2007-09-14 Thread Simon Wistow
On Fri, Sep 14, 2007 at 05:00:51PM -0400, Christopher Nehren said:
 I've been working on cobbling together a modern mailing list manager
 written in Perl (Saddlebags), because I find it absolutely
 unacceptable that things like the dbic list are running on mailman. As
 a part of this, the subject of storing emails in databases came up.
 Obviously, we turned to Email::Store.

I'm all in favour of rewriting Email::Store - I've never got round to 
doing all the work I needed to do rewriting it. Everytime I sit down 
to do it something else gets in the way.

As for Perl MLMs - have you looked at Siesta? It's a bit rough and ready 
in some places but I've been running mailing lists off it for years.




Re: Email::Store is dead! Long live Email::Store!

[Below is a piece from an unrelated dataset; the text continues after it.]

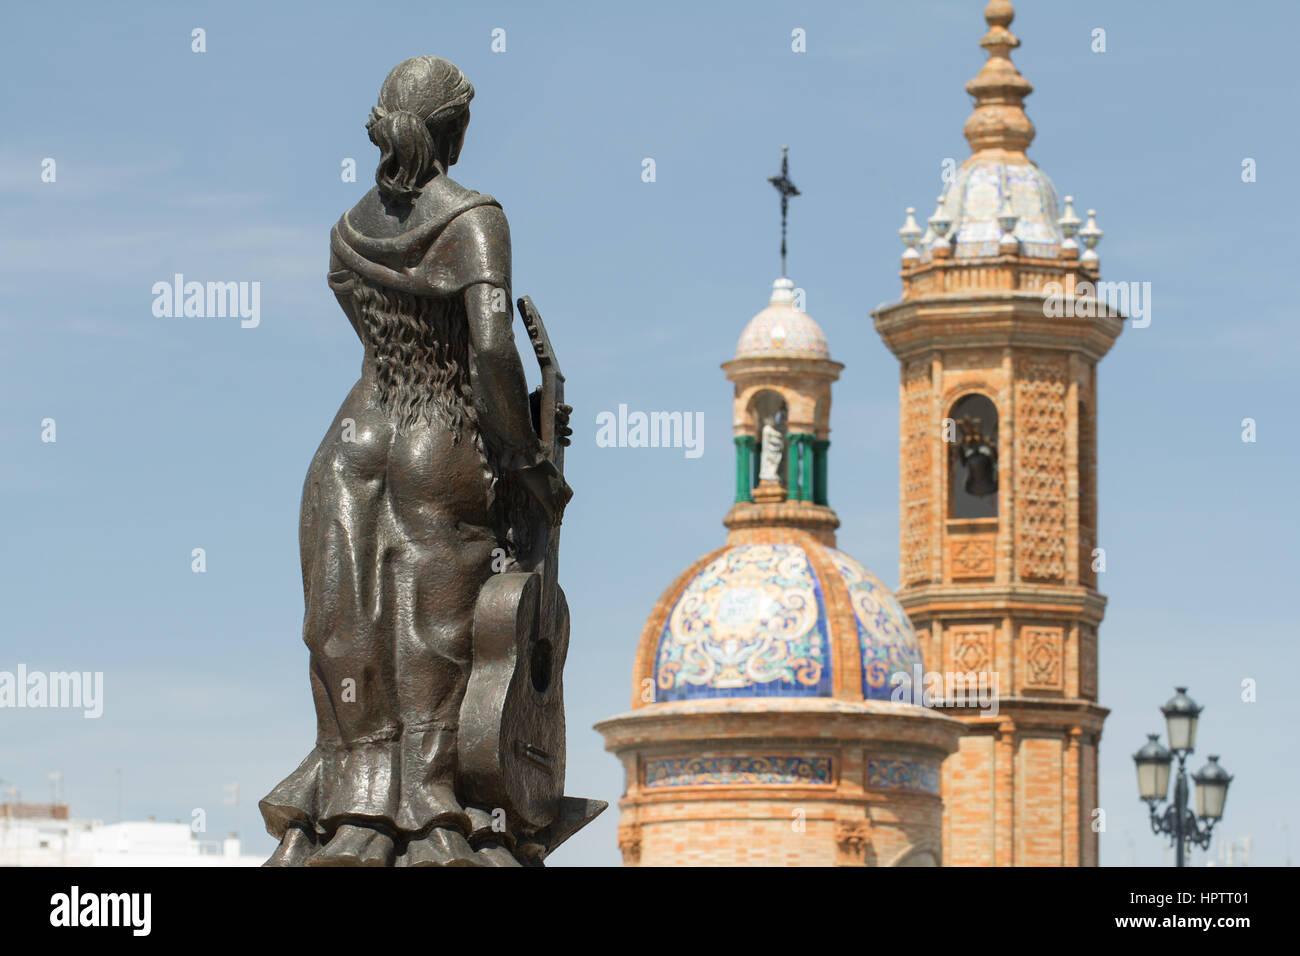 Seville, Spain, April 23 2015: flamenco woman statue in triana Seville. - Stock Image
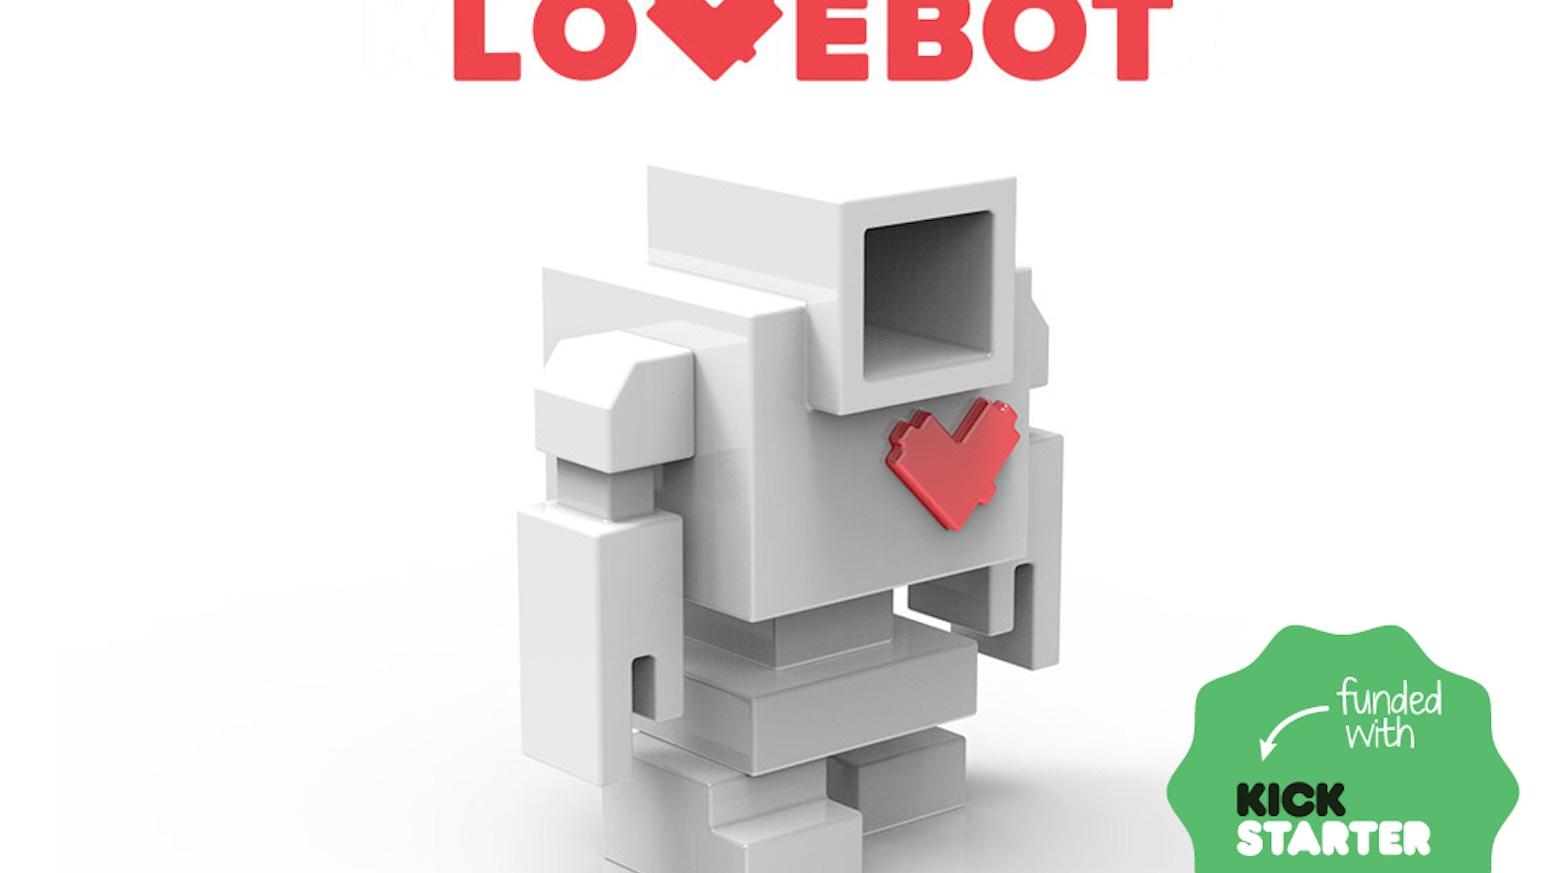 D.I.Y. Lovebot is a designer toy created by Matthew Del Degan x Mindzai

2007-09-14 Thread Christopher Nehren
On 14/09/2007, Ricardo SIGNES [EMAIL PROTECTED] wrote:
 * Christopher Nehren [EMAIL PROTECTED] [2007-09-14T17:00:51]
  We've got a (mostly empty for the moment) repo at
  http://www.coitusmentis.info/repos/email-archive/ , hosted on my home cable

 Would you like to host this on emailproject.perl.org, on a nice Sun server at 
 a
 datacenter?

Oh, most certainly! That'd definitely make things easier for me, and
would probably make my ISP a far deal happier too. There's only a
couple of files there now -- been spending my time writing tests for
(and finding subtle bugs in!) Saddlebags.